Александр Александрович получил в Суриковском институте диплом с отличием. Когда я пришел к нему заниматься, ему было шестьдесят. Со времени "Ночного обмолота" он не написал ничего. Я понял это не сразу.
Александр Александрович всем очень охотно показывал свои работы. Чем он только не занимался! Обычно он начинал со старых институтских этюдов с натурщицами в русских костюмах, где была мастерски и тщательно выполнена каждая деталь орнамента. Затем шли карикатуры в малотиражных газетах и журналах, выполненные в подробной трудоемкой манере. Он показывал кукол, заказанных областным кукольным театром, эскизы костюмов для танцевальных ансамблей и коллекцию деревянной посуды в русском стиле. Он мог делать все, и все делал замечательно.
-- Александр Александрович, а у вас есть еще картины? -- спросил как-- то я, не сомневаясь, что они есть.
-- А как же, Витя, -- весело сказал он и стал показывать мне этюды с натурщицами. Я взглянул и понял, что уже их видел. Александр Александрович стоял рядом, держа в руках деревянный ковш -- братину с богатой резьбой, чтобы показывать его следующим номером. Затем должен был идти царь Додон из кукольного театра.
-- Подождите, Александр Александрович, -- сказал я, торопясь, потому что он все время рассказывал смешные истории о тех, с кем ему пришлось вместе учиться, работать или где-- то встречаться. -- Я хочу спросить, у вас есть еще картины? Живопись?
Он опустил братину.
-- Понимаете, Витя, -- сказал он. -- Вот так сложилась жизнь. Я всегда работал, искал заработка, у меня были две жены, на которых приходилось зарабатывать. Одна от меня ушла и меня ограбила, видите, что тут осталось. Так что то, что я вам показываю, то я и сделал. Вот ковши делал на продажу, так и прошла жизнь. работать для себя у меня времени не было. Картин мне не заказывали, и больше у меня их нет. Хотите, посмотрите эскизы. Ох, вот я сейчас вам покажу, что я сделал для центрального ансамбля танца профессиональных училищ. Вы этого еще не видели. Там у меня получился такой цвет, просто замечательно.

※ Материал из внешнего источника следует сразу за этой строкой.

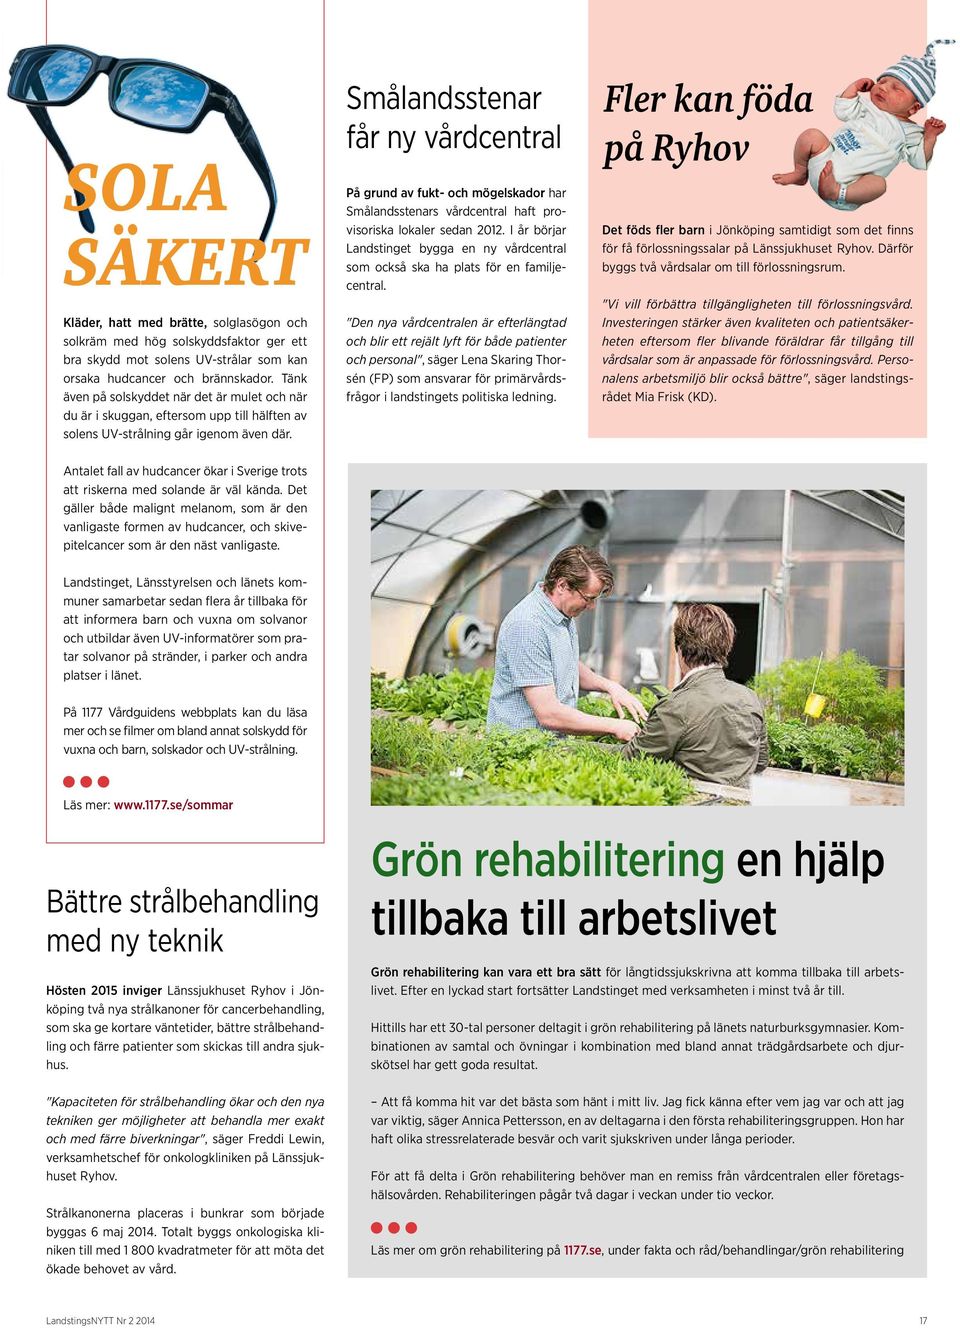 Smålandsstenar får ny vårdcentral På grund av fukt- och mögelskador har Smålandsstenars vårdcentral haft provisoriska lokaler sedan 2012.

И он полез доставать новую папку.
Я не мог этого понять. Так замечательно владеть своим искусством, иметь прекрасное чувство цвета, получить в молодости похвалы и успех, пускай даже за сиюминутную политическую работу, но в конце концов Веласкес и Давид тоже писали своих королей и императоров, а не только то, что им хотелось! У него была Суриковка, что ни говори, пекрасная, серьезная школа. Как же можно было за всю жизнь не сделать ничего? Ни разу не высказаться? Оставить после себя только мелкие приработки? Куда же все ушло? Да если бы у меня была хоть десятая часть его мастерства, я бы, кажется, весь мир завалил своими картинами! Я знал, что реализовать себя удается немногим, но Александр Александрович, ничего не сделавший в такой поразительной степени, был мне непонятен.
Он был удивительно болтливый человек. Пока мы рисовали (вскоре ему подыскали еще двух учеников), он непрерывно разговаривал. То он рассказывал про своего соученика по Суриковскому училищу, который бутерброды называл "бутябродами". То говорил о поэте, приносившем в редакцию газеты странные стихи:
"Вьется спутник по орбите!
Ах, какая благодать!"
То вдруг спрашивал нас, знаем ли мы, что такое "рахмонес" (жалость, сострадание). Кто-- то в его семье, очевидно, разговаривал на идиш. Семья была его любимой темой. Любой разговор он сразу переводил на семейные отношения. Например, я говорил, что один мой знакомый в этом году будет поступать в полиграфический институт.
-- А семья у них была большая? -- спрашивал он.
-- Нет, -- отвечал я, -- четыре человека.
-- А бабушка есть? -- спрашивал Александр Александрович, хотя впервые слышал об этой семье.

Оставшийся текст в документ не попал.